How do I capture a % of the profits earned by lenders? This makes things tricky because margins are already so tiny and then capturing a percentage of the margins makes things even more difficult. For example, Aave takes 10% of the profit earned by lenders but assuming that lenders earn 5% for stables, earning 50 basis points is the pure earnings for Aave and the value of that customer.
Stablecoins
These are the businesses that everyone loves because it means you get a money printer machine. More often that not though, to get these businesses off the ground you need to spend a lot of money in acquiring customers through liquidity incentives. However to demonstrate why these businesses are lucrative you only need to look at their fee structure:
Fees Paid = Interest rate charged * Dollar value of asset being borrowed
That’s it. You set the interest rate and you encourage borrowers to borrow the most they can. When you think about your two levers you simply need to understand:
How do I ensure I can charge the highest possible interest rate while still being competitive? This is largely dependent on what the competition is doing (money markets) and what my costs are for liquidity.
How do I get borrowers to borrow the most they can? This is challenging because the quality of asset will determine the risk of the platform and your ability to stay solvent.

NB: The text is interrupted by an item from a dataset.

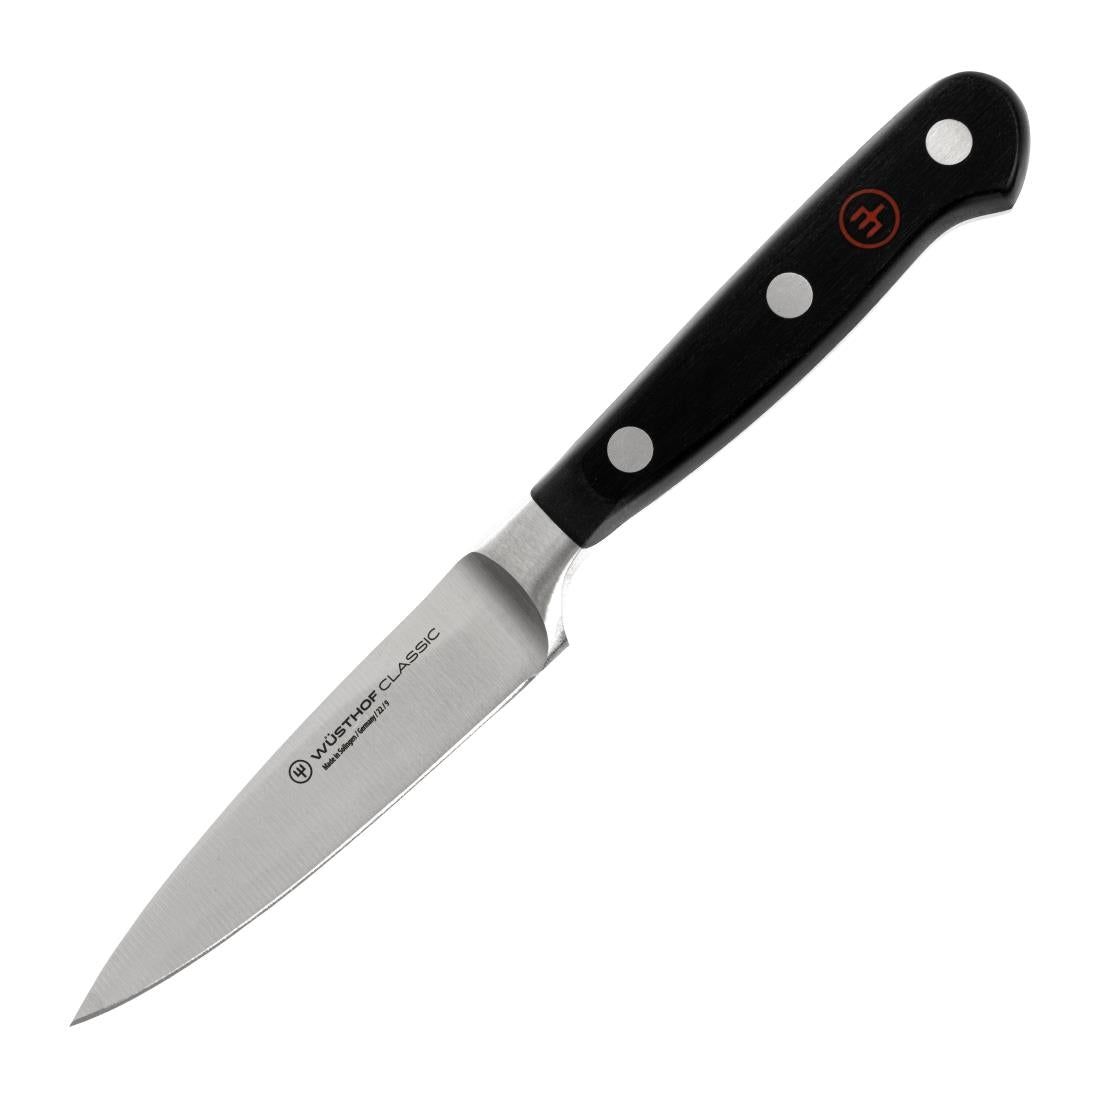 Wusthof Paring Knife 9cm

Any money you earn is your profit. The only issue is, your costs are going into ensuring your stablecoin stays at peg or has solid demand sinks baked in.
Yield Aggregators
This basically covers any service that says “give me your money and I’ll make you the most money”. These were great businesses when they first came out but the biggest challenge here is defensibility and negative network effects. The fee structure is similar to lending businesses but there’s a difference in their underlying business mechanics.
Fees Paid = Size of deposit * Profit earned by depositors * Performance fee (%)
The reason why I included size of deposit here is because the more money a yield aggregator has, the less yield it produces for its other users. It actually has negative network effects!
As a yield aggregator, you obviously want lots of $ so you can earn your depositors more profit and then capture your performance fees. The only challenge is that as you don’t want too much money because you’ll struggle to make increasing profits for all your depositors which drops your performance fees.
In order do increase the profit earned by your depositors, the largest challenge you have that any strategy you deploy on-chain can be copied by anyone else — and very quickly. You get squeezed on both sides unfortunately.
Performance fee. This is also a really hard vector to optimise around since any % you charge your depositors, technically they can cut you out and go straight to the source. It’s like LPs investing directly into startups that their VC funds find.
Closing
As you can see, each of these crypto primitives offer very similar to businesses you see in the real world but have slightly different mechanics due to the nature of the environment they live in. If this post gets enough traction, I’ll release a second part around the costs — since that’s the part that everyone forgets about when factoring in their equations. Also the relation between costs and profits is a delicate one where an element of “incentive elasticity” comes in. Anyways, I’m running ahead of myself here. I’d love to hear your thoughts on this piece!